Recette couscous sucré-salé au poulet et tfaya

Couscous sucré-salé au poulet et tfaya : semoule légère, oignons confits, raisins et épices douces pour un plat complet, chaud et parfumé.

Publié le 19 août 2026 Gastronomie
Une délicieuse salade de quinoa avec du poulet grillé succulent servi dans d'élégants bols en céramique sur une table en bois.

La fiche du chef

Recette couscous sucré-salé au poulet et tfaya

Un couscous rapide et parfumé, garni de poulet tendre et de tfaya aux oignons confits, raisins et épices douces.

Temps total 1 h 10
Cuisson 45 min
À table 4 portions
Difficulté Moyenne

Pas à pas

La préparation

  1. 1
    Émincer finement les oignons. Couper les carottes en bâtonnets et les courgettes en gros tronçons.
    10 min
  2. 2
    Faire chauffer l'huile d'olive dans une sauteuse. Ajouter les oignons, saler légèrement et cuire à feu moyen jusqu'à ce qu'ils deviennent translucides, puis blondissent.
    15 min
  3. 3
    Incorporer le miel, les raisins, la cannelle et la moitié du bouillon. Laisser compoter jusqu'à obtenir des oignons souples et légèrement sirupeux.
    10 min
  4. 4
    Dans un faitout, faire dorer les cuisses de poulet avec un peu d'huile. Ajouter le gingembre, le curcuma, le poivre, le reste du sel et le reste du bouillon.
    20 min
  5. 5
    Ajouter les carottes, puis les courgettes et les pois chiches. Couvrir et laisser mijoter jusqu'à ce que les légumes soient tendres et le poulet cuit à cœur.
    15 min
  6. 6
    Verser la semoule dans un saladier. Ajouter le beurre et une pincée de sel, puis mouiller avec la même quantité d'eau très chaude que de semoule. Égrainer à la fourchette et couvrir quelques minutes.
    5 min
  7. 7
    Dresser la semoule, répartir les légumes et le poulet, puis napper de tfaya aux oignons et raisins. Parsemer de coriandre si souhaité.
    5 min

Pour aller plus loin

Les secrets du chef

  • Pour un résultat plus parfumé, remplacez une partie du bouillon par le jus de cuisson du poulet.
  • Ajoutez quelques amandes effilées grillées au moment du dressage pour une touche de croquant.
  • Si la tfaya réduit trop vite, ajoutez 2 à 3 cuillères à soupe d'eau chaude.

Alternative

Version végétarienne

Remplacer le poulet par des pois chiches supplémentaires, du potimarron et des navets, en conservant la tfaya aux oignons.

Conseils de dressage

Former un dôme de semoule, disposer le poulet au centre, puis répartir les légumes autour et terminer par une généreuse cuillère de tfaya au sommet.

Allergènes à surveiller

  • Gluten
  • Lait

Substitutions recommandées

  • Beurre → Margarine végétale ou huile d'olive

    Pour une version sans lait, conserver une texture souple de la semoule.

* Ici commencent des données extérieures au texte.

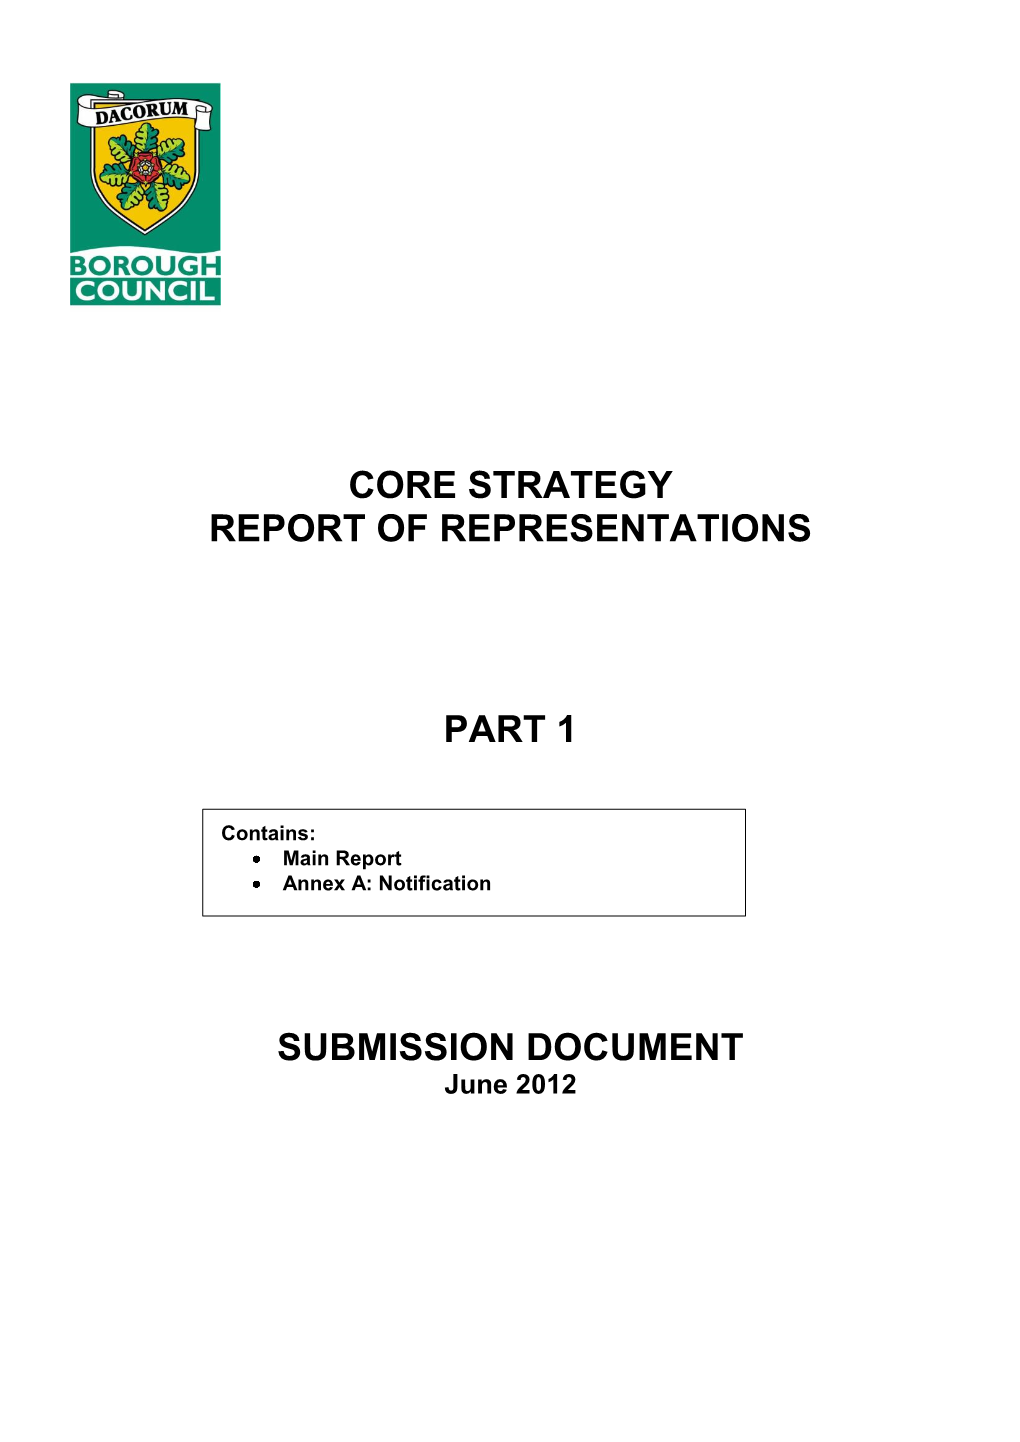 Report of Representations
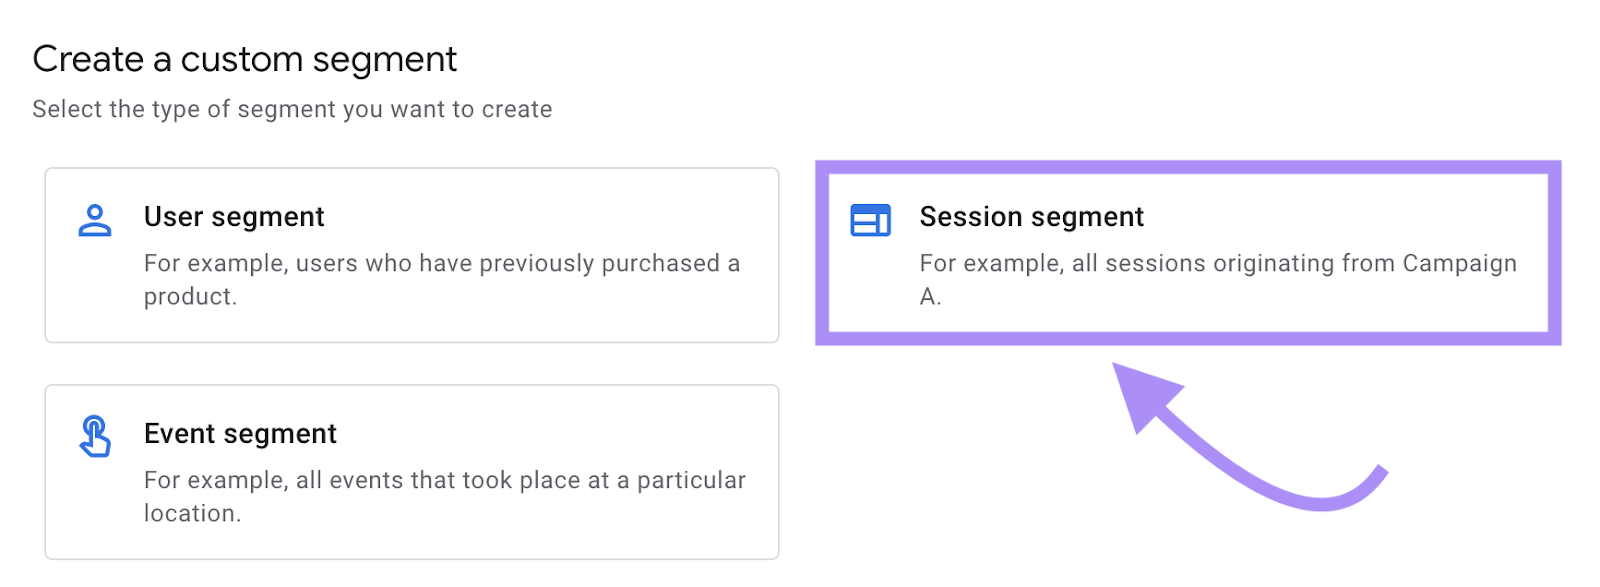 “Session segment” option selected under "Create a custom segment" section

  • Bouillon de volaille → Bouillon de légumes

    Adapté à une version sans viande.

  • Miel → Sirop d'agave ou de datte

    Option végétalienne pour la note sucrée de la tfaya.

Accords mets et boissons

  • Thé Un thé à la menthe léger accompagne bien les saveurs sucrées-salées.
  • Boisson sans alcool Une eau pétillante citronnée apporte de la fraîcheur.

Conseils nutrition

  • Augmentez la part de légumes pour alléger l'assiette sans perdre en volume.
  • Préférez des cuisses de poulet sans peau si vous souhaitez réduire la teneur en lipides.
  • Dosez le sel avec prudence, le bouillon apportant déjà de la salinité.

Plan anti-gaspillage

  • Utiliser les parures des carottes et courgettes pour enrichir le bouillon.
  • Réemployer la tfaya restante dans un sandwich de poulet rôti ou sur un plat de céréales.
  • Conserver les pois chiches restants pour une salade froide ou un houmous express.

Erreurs fréquentes & rattrapages

  • Ajouter la semoule dans un liquide insuffisamment chaud.
    La mouiller avec de l'eau très chaude, puis l'égrainer et la couvrir immédiatement.
  • Cuire la tfaya à feu vif.
    Baisser le feu et ajouter un peu d'eau si les oignons accrochent.
  • Faire trop cuire les courgettes.
    Les ajouter en fin de mijotage pour préserver leur tenue.

Version sans gluten

Remplacer la semoule de blé par de la semoule de maïs ou du quinoa cuit, en vérifiant le bouillon sans gluten.

Version végane

Supprimer le poulet, le beurre et le miel ; utiliser de l'huile d'olive et du sirop d'agave ou de datte.

Questions fréquentes

Peut-on préparer la tfaya à l'avance ?

Oui, elle se conserve très bien et peut être réchauffée doucement avant le dressage.

Quel morceau de poulet utiliser ?

Les cuisses conviennent mieux car elles restent moelleuses pendant le mijotage.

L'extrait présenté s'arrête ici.